29 Ekim 2011’de, Cumhuriyet Bayramı tören ve kutlamalarını iptal ettik.
Gerekçe; Van Depremi idi.
Milli Eğitim Bakanı, 2012 yılından başlayarak 19 Mayıs, Gençlik ve Spor Bayramı törenlerinin statlarda yapılmayacağını açıkladı.
Gerekçe; çocuklarımız, gençlerimiz, öğrenciler günler öncesi başlayan provalarda üşüyor, yoruluyorlarmış!
2011 ve 2012...
Cumhuriyetimizin; daha doğrusu Türkiye Cumhuriyeti’nin kurucusu Mustafa Kemal Atatürk’ün, Türk ulusuna bıraktığı iki önemli Cumhuriyet armağanı olan günü; henüz resmi bayram olmaktan çıkarmadık ama resmi olarak kutlamayarak saha dışına ittik.
İki yılda; üst üste bu kadar tesadüf olabilir mi?
Olabilir, denk geldi, diyenlere sözüm yok.
Allah yollarını açık etsin...
Ama ben “hayır olmaz” diyenlerdenim.
* * *
Çünkü;
Ülke olarak, devlet olarak Cumhuriyet’imizin temel taşları olan böylesine önemli günleri; 29 Ekim’i, 19 Mayıs’ı kutlamaktan vazgeçersek, ve millet olarak sesimizi çıkarmaz, boyun eğip rıza gösterirsek, bilin ki sıra 2013’te 23 Nisan’a gelecektir.
Ardından 30 Ağustos Zafer Bayramı, daha sonra 9 Eylül, daha sonrasında 10 Kasım Atatürk’a anma günü ve peş peşe gelecektir; “Hilafetin Kaldırılması”, “Türk Alfabesi”nin Kabulü” gibi...

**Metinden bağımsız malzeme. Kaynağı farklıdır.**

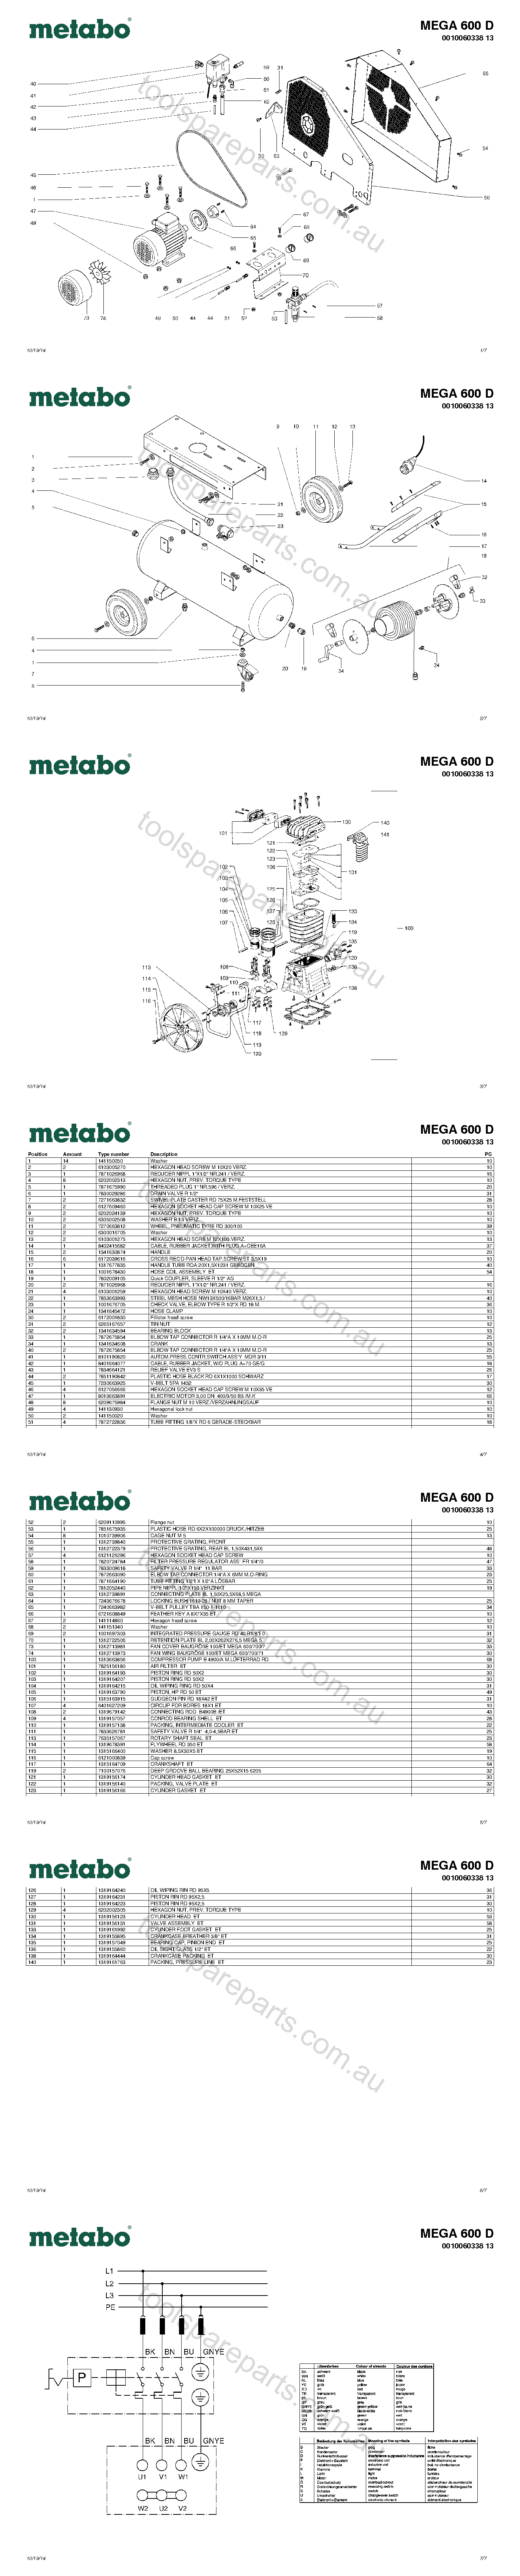 Metabo MEGA 600 D 0010060338 13  Diagram 1

Göreceksiniz, hepsi için zaman içinde resmi kutlamalarının iptali için birer gerekçe yaratılacaktır.
Peki bunları iptal edip, neler kutlanacak?
15 Kasım, Hicri Yılbaşı...
24 Kasım, Aşure Günü...
03 Şubat, Mevlid Kandili...
23 Nisan, Kutlu Doğum haftası...
14 Mayıs, İstanbul’un fethi...
24 Mayıs, Regaip Kandili...
16 Haziran, Miraç Kandili...
4 Temmuz Berat Kandili...
* * *
Başkasını bilemem, zaten beni de pek ilgilendirmiyor...
Kendimce, imanlı ve inançlı bir insanım.
Allah ile inanan bir kul olarak araya kimsenin girmesine izin vermem.
Dini günlerimizi “bayram” olarak değil de, “kutlanması” ve “dua edilmesi” günler olarak kabul eden bir Müslümanım.
Ama Laik Türkiye Cumhuriyeti’nin varlığını sembolleştiren, ona değer kazandıran günlerin “küçümsenmesine”, resmi olarak kutlanmaması için gerekçeler yaratılmasına da şiddetle karşıyım.
Yapılan büyük yanlıştır.
19 Mayıs törenleri için, gençlerimiz, çocuklarımız tam 89 yıldır stadyumlarda, meydanlarda üşümüyordu da şimdi mi hava koşullarından etkilenebilecekleri aklımıza geldi?
Bence sorun, 19 Mayıs’ta gençlerimiz üşümesi falan değil...
Sorun; böyle bir kararı alan ve benimseyenlerin beyinlerinde yıllarca gizli-saklı kalmış, ortam müsait olunca açığa çıkan Cumhuriyet karşıtı “ucube” düşünceleridir.